23-12-2021 Dry bulk in 2021: bulker owners are laughing all the way to the bank, By Holly Birkett, TradeWinds
Bulker spot rates hit some of the highest levels in around 13 years this year as pent-up demand unwound, following the depressed markets of mid-2020. Discussion in early 2021 focused on whether we could be starting a commodities “super-cycle” as nations around the world — notably China, a major importer of dry commodities — announced stimulus packages.
The question for exporters was: can you get a ship? In addition to high demand, bulkers have been stuck for long periods in port congestion, quarantine or while waiting to change crews. Enquiry sprang from surprising places in 2021, especially as commodity prices rocketed. This was the year we saw logs loaded on capesizes and smaller bulkers being retrofitted to be able to carry containers. Markets decoupled as the year went on. Rather than capesize utilization filtering down and helping the smaller segments, this year handysizes led the charge, buoyed by breakbulk cargoes that would have otherwise been containerized.
But 2021 was not without its shocks and surprises. Just as rumors of $100,000-per-day capesize fixtures were hitting the market in September, the Chinese government intervened to cool down raw material prices. Sentiment in dry freight markets took a big hit as China’s steel production plunged and property developer Evergrande suffered a debt crisis. But 2021 overall has been an incredible year for bulker owners. For proof, just look at what they did with their cash. Star Bulk Carriers, for instance, began the year with a $219m war chest that it said it wanted to keep on hand in what it perceived to be a riskier commercial environment. It need not have worried. The shipowner has used its cash to pay out the highest shareholder dividends of its peer group and most other public bulker firms have kick-started distributions too.
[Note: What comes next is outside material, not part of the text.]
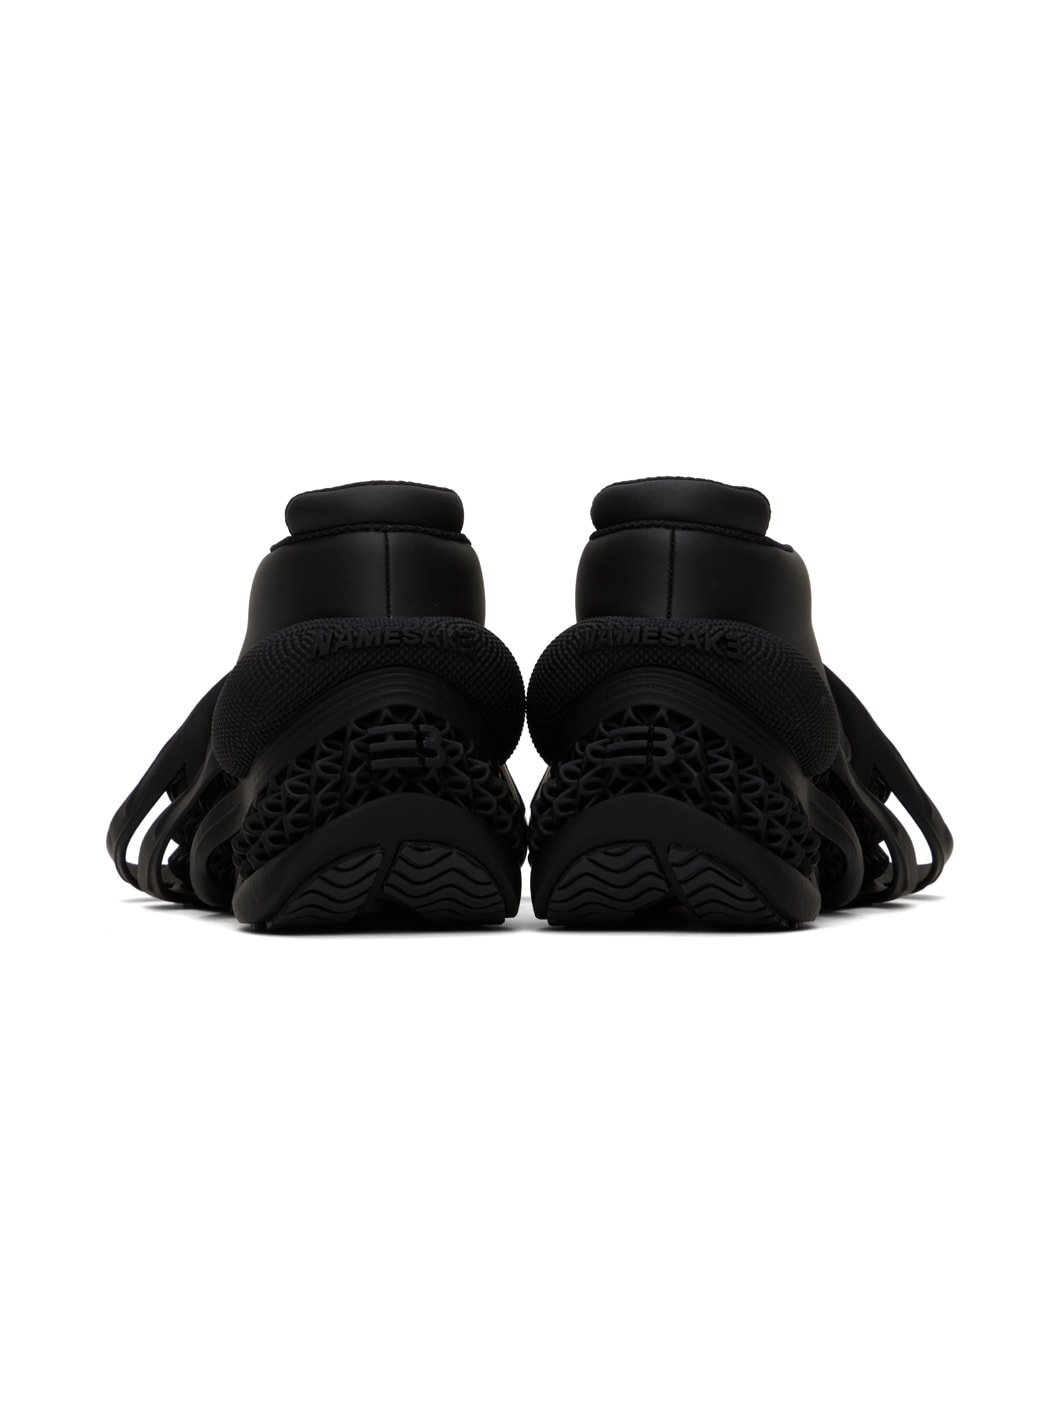 Black Clippers 8000 Sneakers - 2

But despite the upturn, bulker stocks continued to trade at below net asset value during 2021, showing there is still some disconnect in the underlying strength of the business and the interest shown by investors. Bulker owners have also plundered their cash reserves to buy vessels — the canniest buyers acquired their ships early in the year before asset prices jumped up.
Some forward-thinking firms have even invested in technology and decarbonization initiatives. But spending in the dry cargo sector has not been limited to ships, shareholders, and special projects. Sources have heralded “The Return of The Long Lunch” — many of which have extended past dinner time — recalling the good old days of hot markets and high spirits. And then, of course, this year’s performance-related bonuses should be a nice Christmas present too.